# Schneider 28mm Tilt Shift



## Omni Images (Feb 15, 2015)

Just stumbled across this today, they say "new release" ... I found it looking at a guy's landscapes shots taken in the past month or so, and he listed using that lens ... I thought What tha ? ... I didn't know they made a tilt shift for 35mm cameras .. I had seen the new 90mm T/S for medium format, and have my eye on that .. only around US$3.2K ... but the 28mm for 35mm cameras is around US$8.3K Ouch .... would go well with the 5Ds I'd expect.
http://www.bhphotovideo.com/c/product/1092907-REG/schneider_06_1073706_pc_ts_super_angulon_28mm_f_4_5.html


----------



## Jim Saunders (Feb 16, 2015)

That the collar has an ARCA-Swiss foot and holds the objective end still while the camera moves is a plus.

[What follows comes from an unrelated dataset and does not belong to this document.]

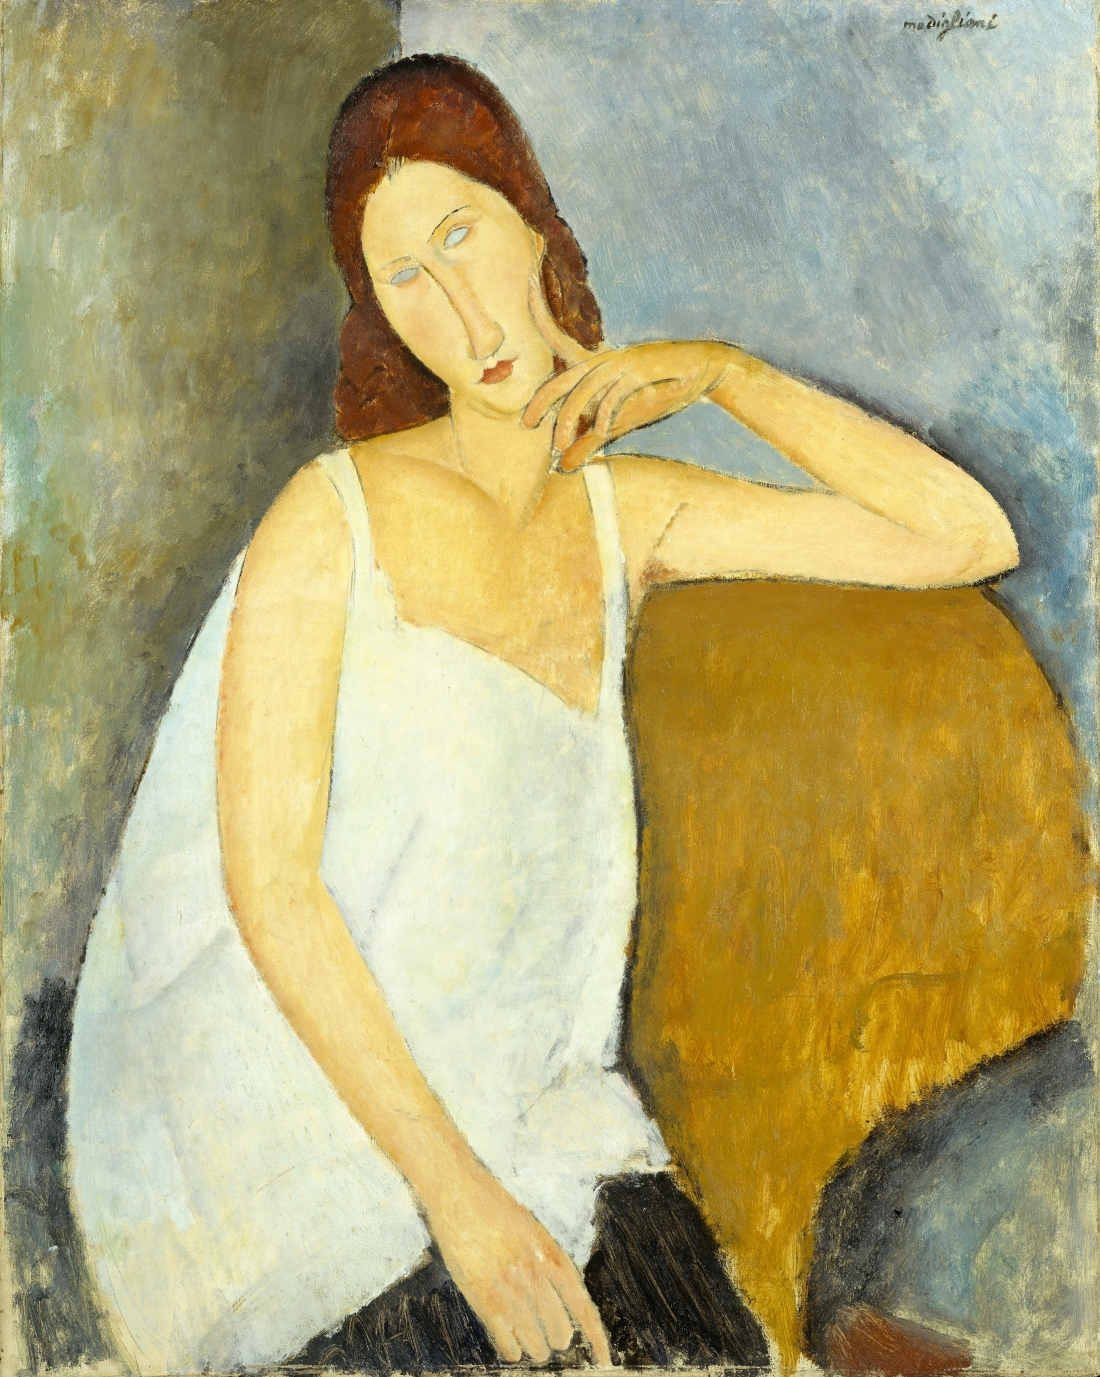 d8b9f40f65b Jeanne Hébuterne 1919 Medium Oil paint on canvas 914 x 730 mm The  Metropolitan Museum of Art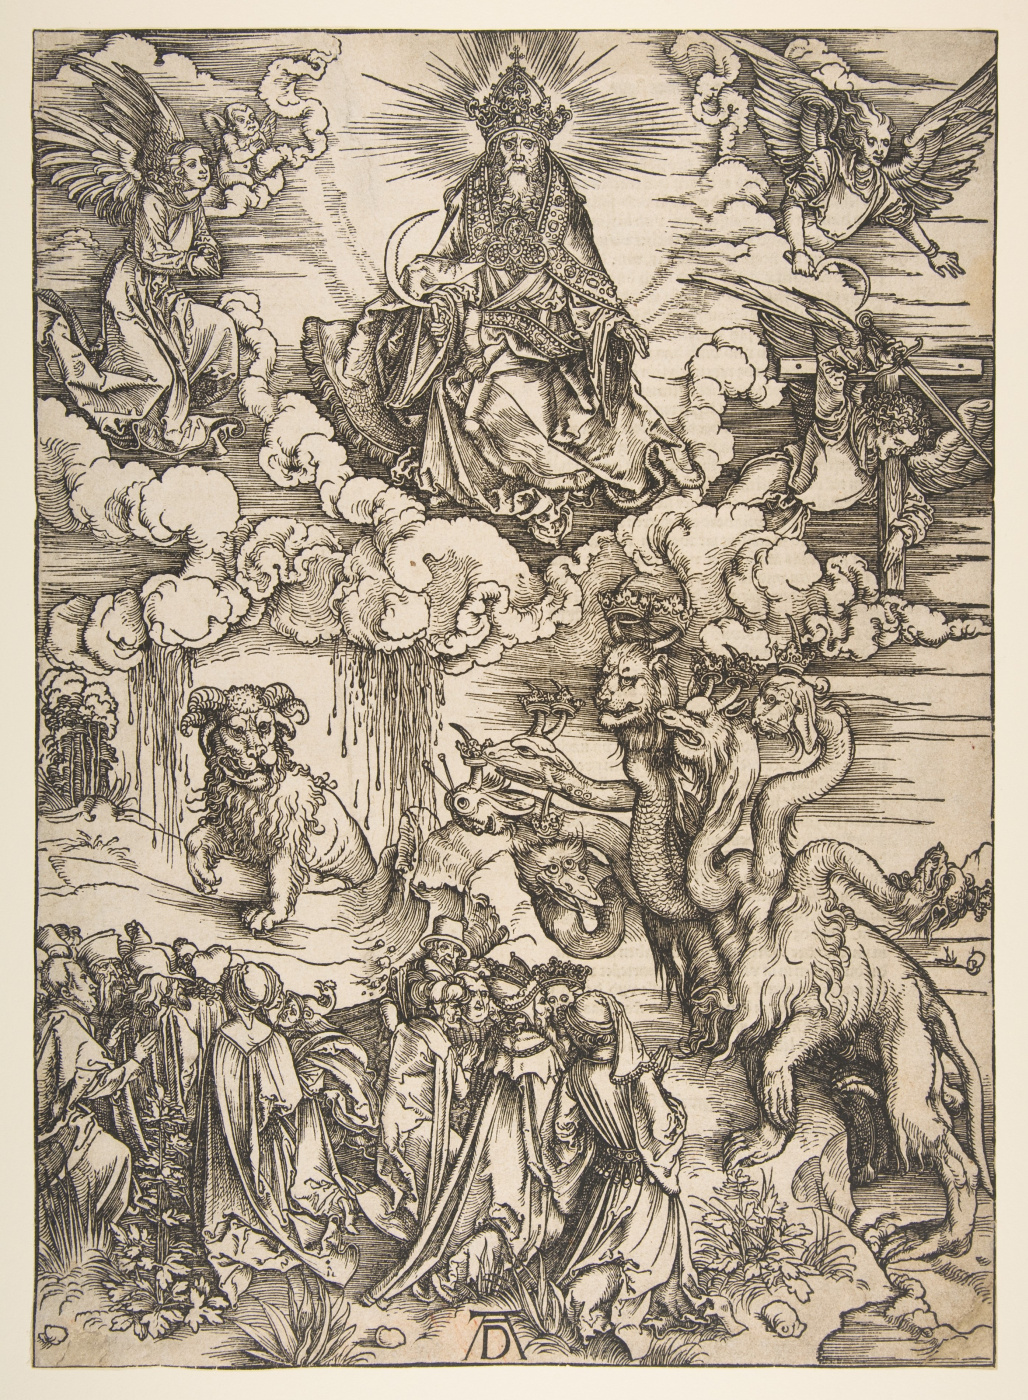 Albrecht Durer. The seven-headed dragon and the horned beast

Having said that there had better be some stellar press (notably absent for their 50 PC-TS) to justify that sort of money.

Jim


----------



## MaxFoto (Feb 18, 2015)

The Schneider PC TS is an absolute dog. Its got to be the worst lens for the money ($3500) on the market.


----------



## StudentOfLight (Feb 19, 2015)

MaxFoto said:


> The Schneider PC TS is an absolute dog. Its got to be the worst lens for the money ($3500) on the market.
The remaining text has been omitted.